_Abigail Ruhman is a freshman journalism and political science major at MU. She is an opinion columnist who writes about student life, politics and social issues for the Maneater._
Filling out the Free Application for Federal Student Aid sucks. Digging through tax documents and family information in hopes that maybe this year is the year you can afford college tuition sucks. The scary part about the system is that it does not assist those who need it most.
For most college students, FAFSA is something we have to do that just is not great. Other students can easily experience a time full of fear and questions of family status. It reveals another layer of confusion to a system that is already complex. At the end of my senior year, my best friend was attempting to fill out the FASFA Verification Form (or audits) for his university. While I saw the document as a nuisance, he was struggling to find all of his family’s information. That day, for the first time ever, he told me about his parents’ immigration status. The FAFSA requires the student to prove their parents’ residency for in-state tuition. The requirement to prove residency would make sense, but the verification process is where the neediest students lose out.

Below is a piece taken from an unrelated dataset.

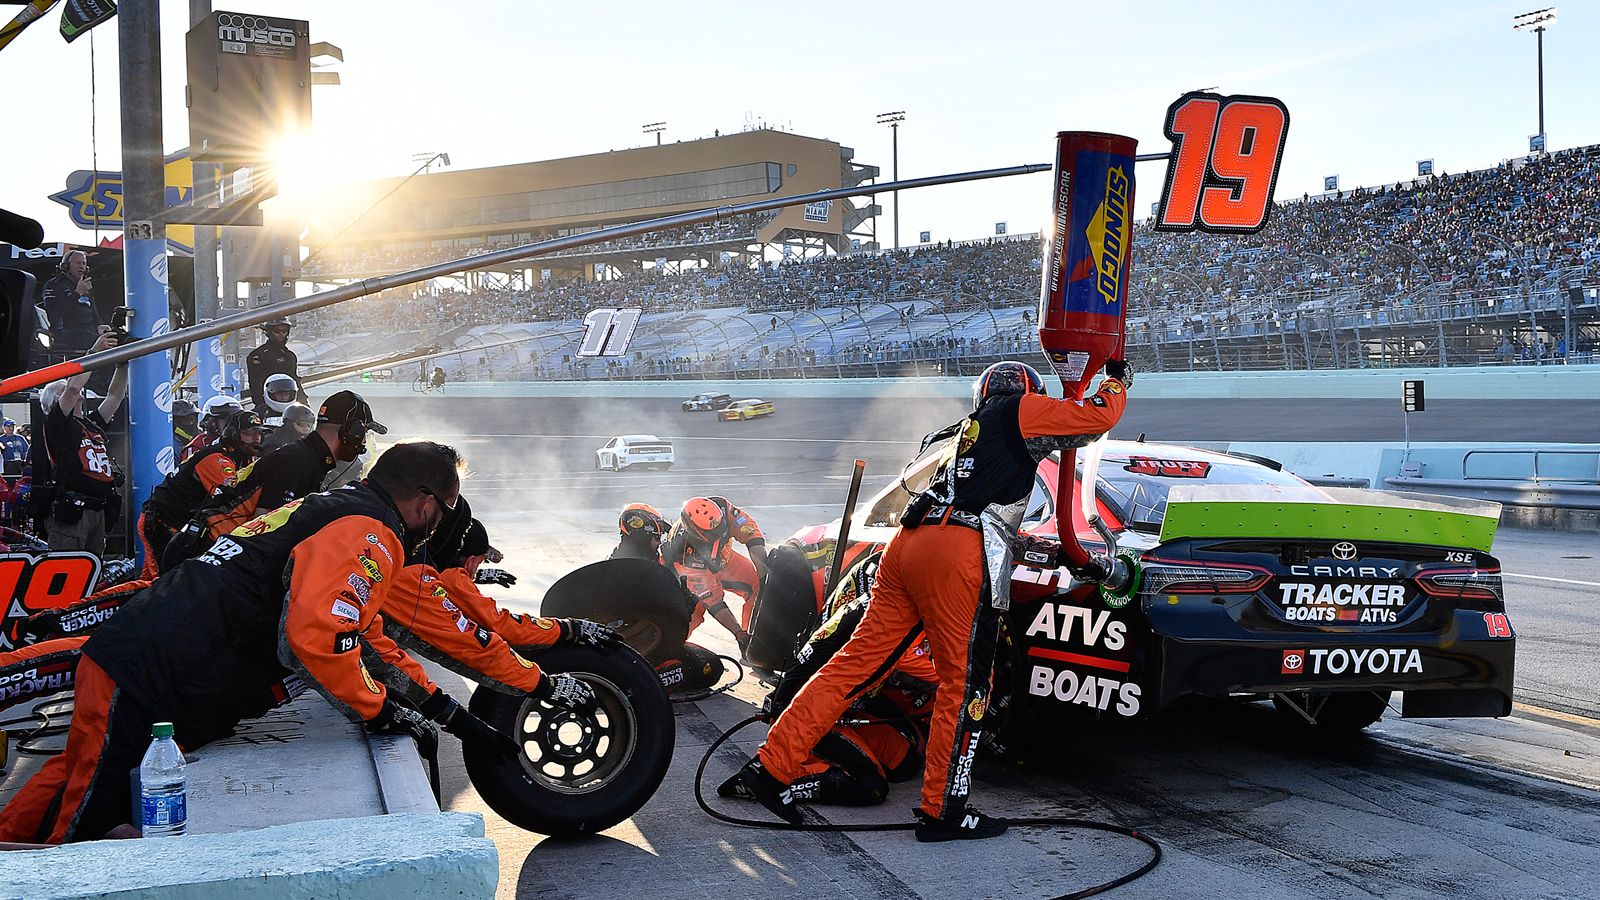 Dead Serious Martin Truex Jr Lost The Nascar Cup Championship Because His Pit Crew Put His Tires On Backward

The verification process sounds simple: If you are a “dependent” on the tax year that you use to fill out your FAFSA, you have to prove that the person you are dependent on is in-state. Where it becomes questionable is when that verification creates a hold on the application. That hold can mean that students lose out on the first come, first serve basis. Because my friend’s parents were not citizens, he struggled finding documentation and the required information. For him, there were not many places to find necessary resources. He was afraid that asking for help might be the reason his parents were deported.
According to Vox, Donald Trump wants immigrants to be afraid in the United States. The scary (but not surprising) part: It is working. Trump is hoping to make immigrants go through a harder application process to use public benefits.
It turns out that immigrants are not the only ones that lose out. The lower class in general also tends to be the ones affected by these audits. When these audits target low income students, the burden of filling it out can actually cause students to not receive the Pell Grant (typically awarded to students who show a large financial need based on their Expected Family Contribution which provides an estimate for how much the family can produce) at all. According to the National College Access Network, this can be referred to as “verification melt.” They estimate that only 31 percent of lower income students make it to college with the Pell Grant they are entitled to.
According to Time, 90 percent of audits tend to affect low income students. The families that do go forward with the verification are met with a series of excruciatingly tedious tasks. According to the Institute for College Access and Success, 80 percent of aid administrators agree that navigating the verification process is difficult for students and families. They also found that one third of administrators said that almost always or often leaves aid undetermined even after the semester has started. Additionally, 56 percent agreed that the process prevented eligible students (not just lower class) from getting the aid they need to pay for college.
The verification process leaves students in the dark about their college finances. For students stuck in the middle of the painful process, it can add an additional burden to the students and their families. Students often are left with a disadvantage at the beginning of their college career. Disadvantaged students have to consider the massive burden that debt places on their future, how the debt can actually grow larger than what the student owed at graduation and how that debt affects them later in life.
For lower income students and children of immigrants, the financial aid system is not just annoying, it is costing them their education. College students have to recognize that we lose out when these students do not attend college. We can learn so much from their experiences and they deserve the same opportunities as all of us. Education and knowledge should not be reserved just for the privileged. The first step to opening these doors for everyone is to stop holding disadvantaged students from receiving federal student aid.